Sometimes the process ends up waiting (maybe an hour) in the same statement.
In these cases at first the process appears in V$SESSION with an SQL_Address filled in, "Active Sessions" in SQL Developer shows the query correctly.
After some minutes the SQL_Address disappears, the process disappears from "Active Sessions".

Queries on V$Latch identify a latch, ...
select p1, p1raw, p1text from v$session where sid = 16;
... but it does not seem to exist ...
select gets, misses, sleeps, name
from v$latch
where addr = (select p1raw from v$session where sid = 16)
;
-- no rows selected

CPU usage is very high during this period, one core 99%.
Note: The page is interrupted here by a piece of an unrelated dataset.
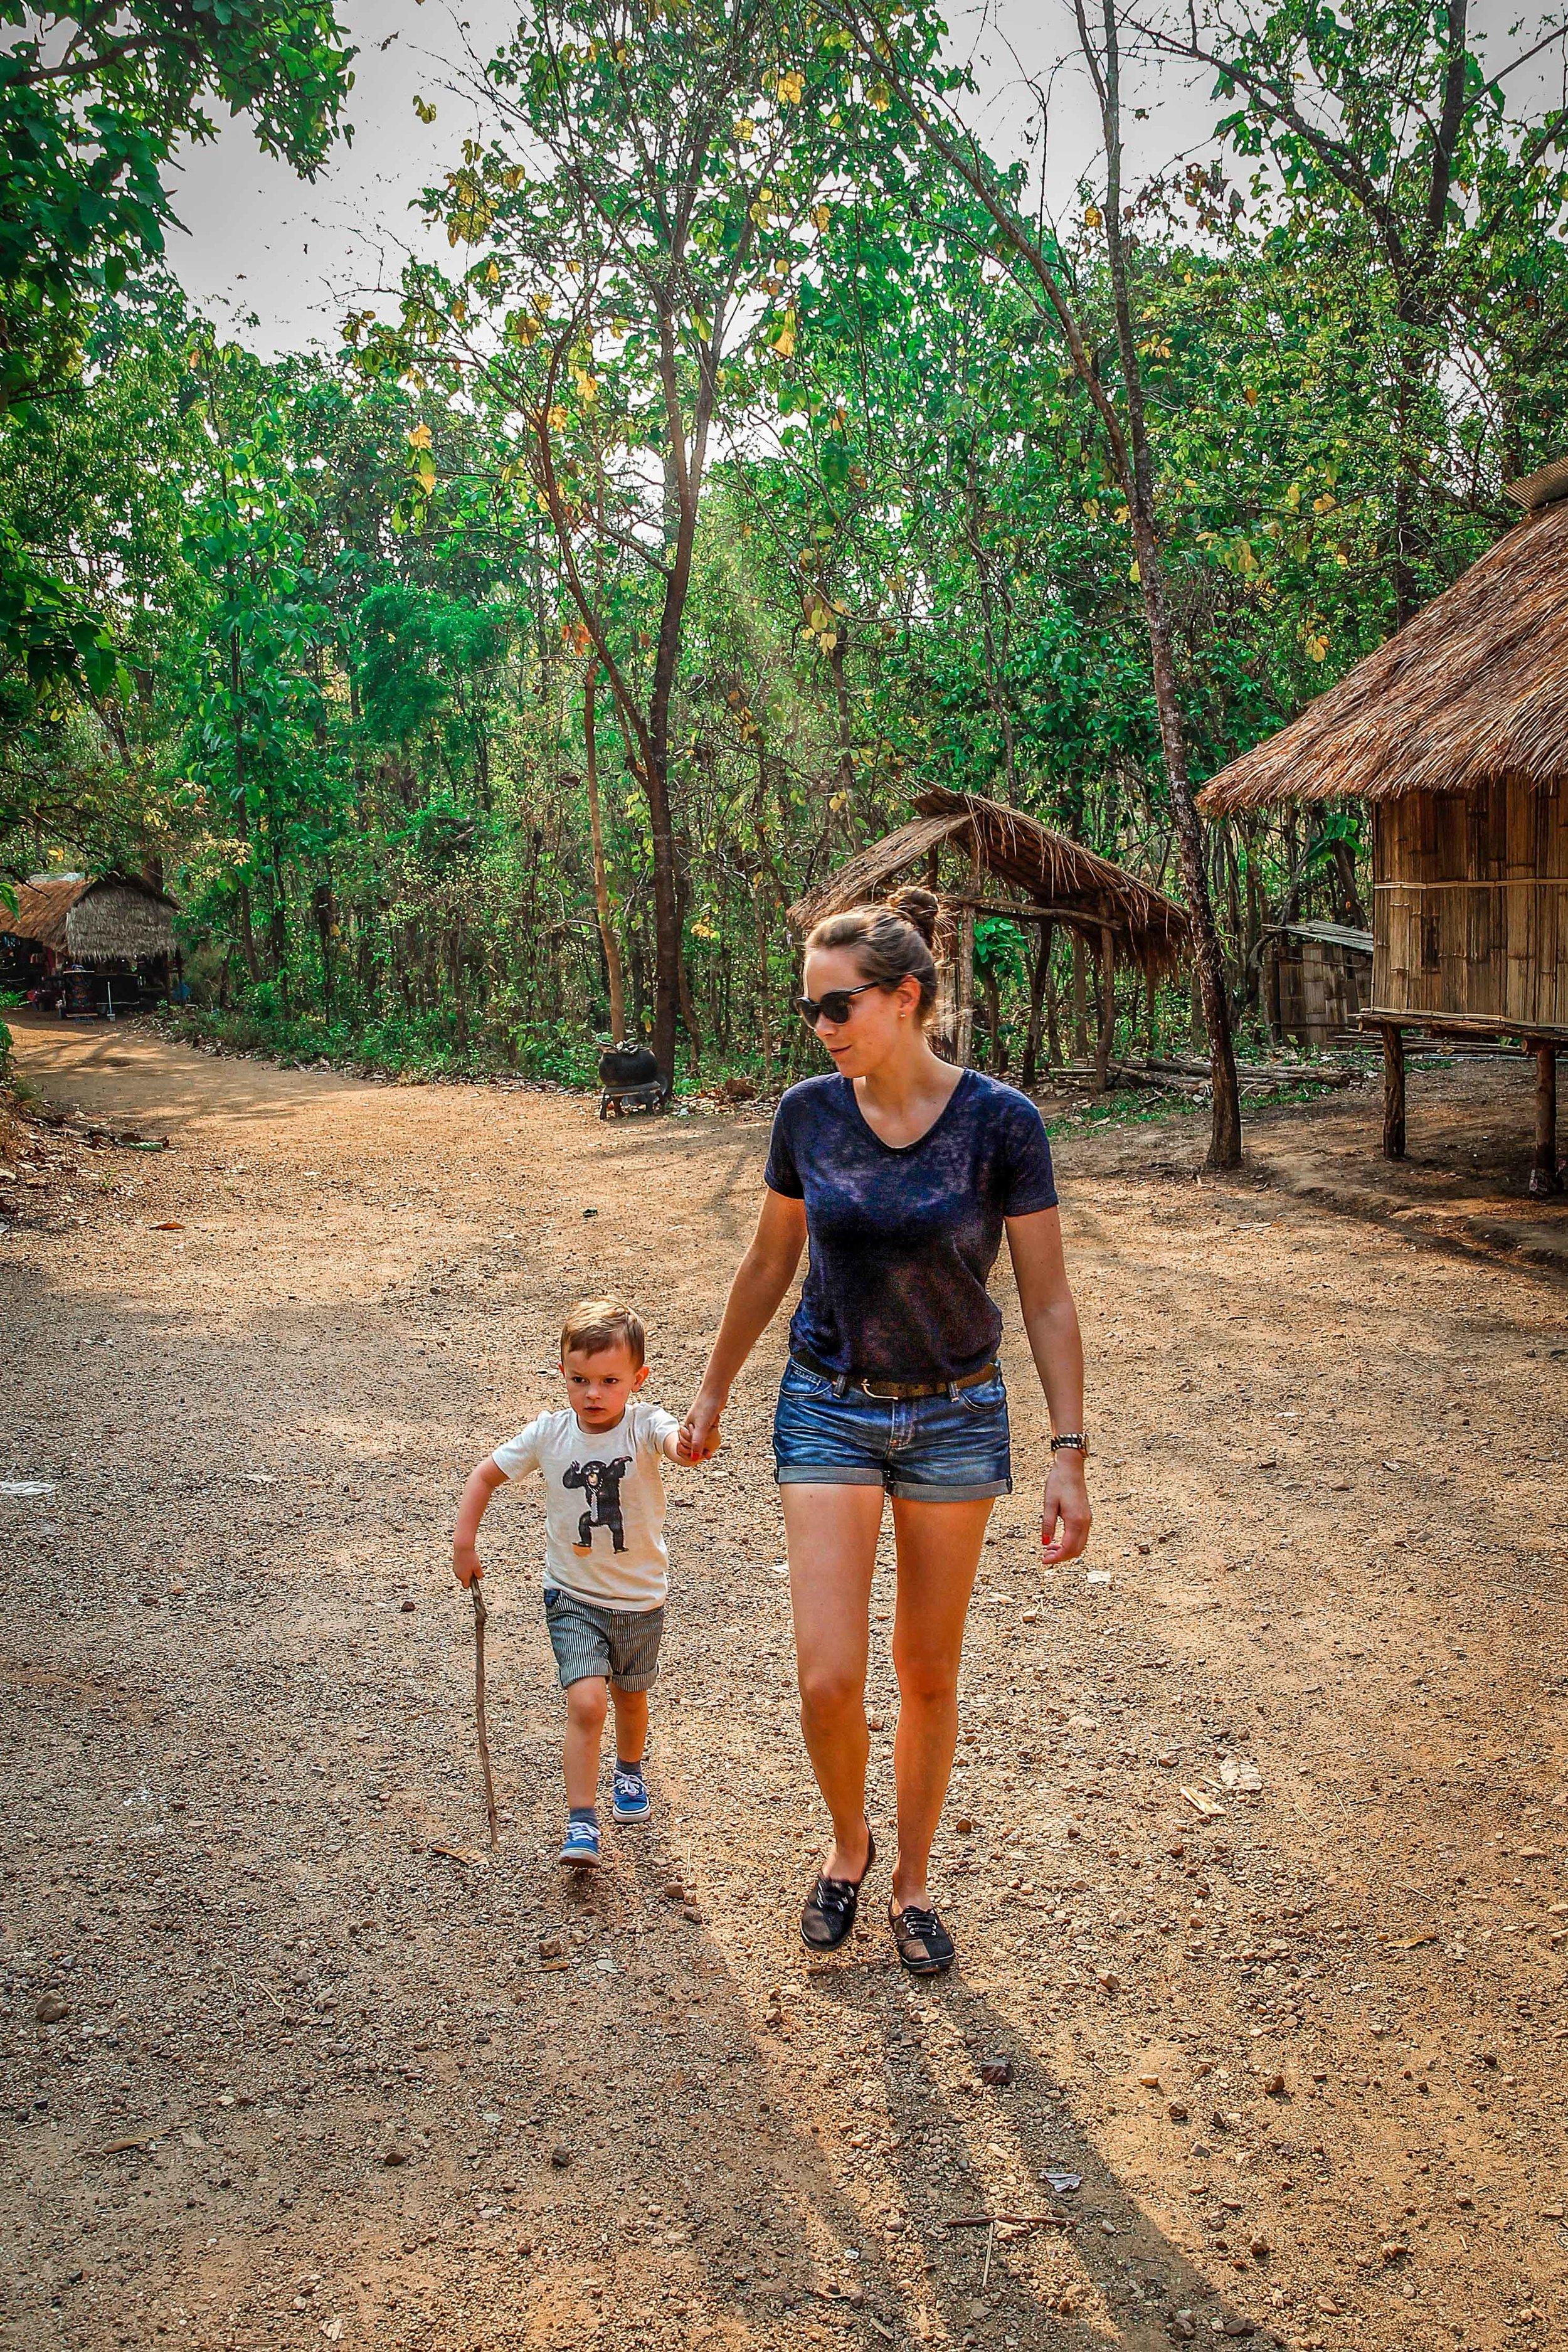 Thailand_Chiangmai_Reizen_met_kinderen_noord (52 van 97).jpg
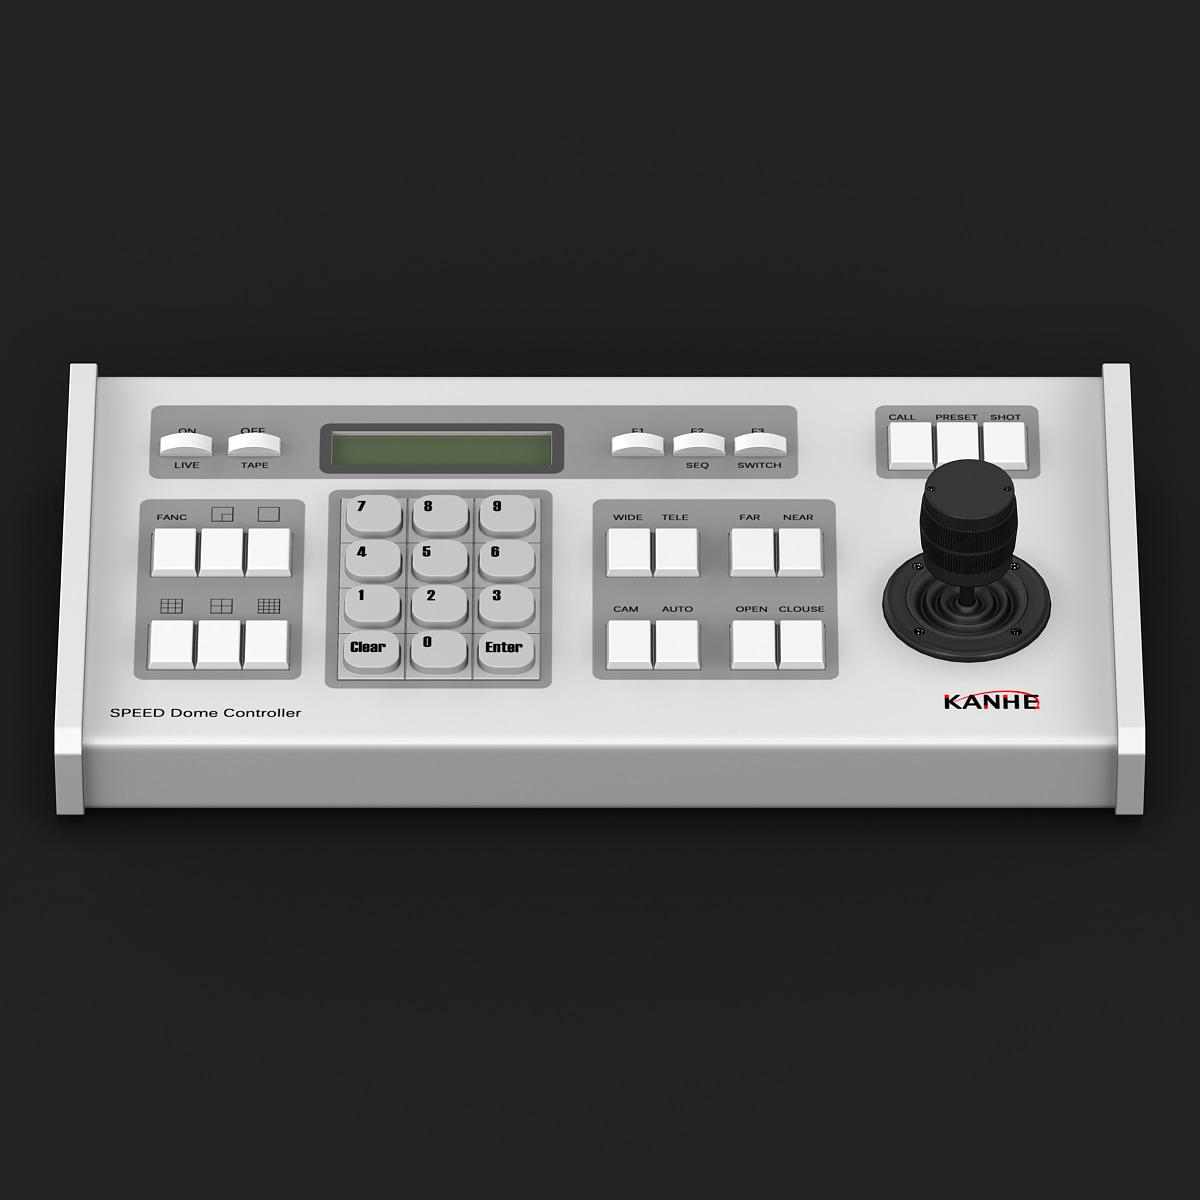 Keyboard_Controller_for_Cameras_V2_001.jpg

Once this occurs the problem recurrs until the instance is restarted.
It occurs on Linux and Windows.

This occurs in test environments where this is the only process.

If the real process is semi-blocked in this fashion, running the test code below also blocks.
The latch codes listed from V$Latch for the two processes are different.

The anonymous block below has the SELECTs in question, copied from the package and adjusted to stand alone.
Instead of three separate queries this part of the process has been a UNION ALL of these queries and a CONNECT BY.
All versions have suffered this problem.

The code block is running inside a CURSOR picking out objects to be processed here from the same table, the source of the installationUid18Set in the code below.
Also, either side of the code are other queries over other tables that do not seem to be affected.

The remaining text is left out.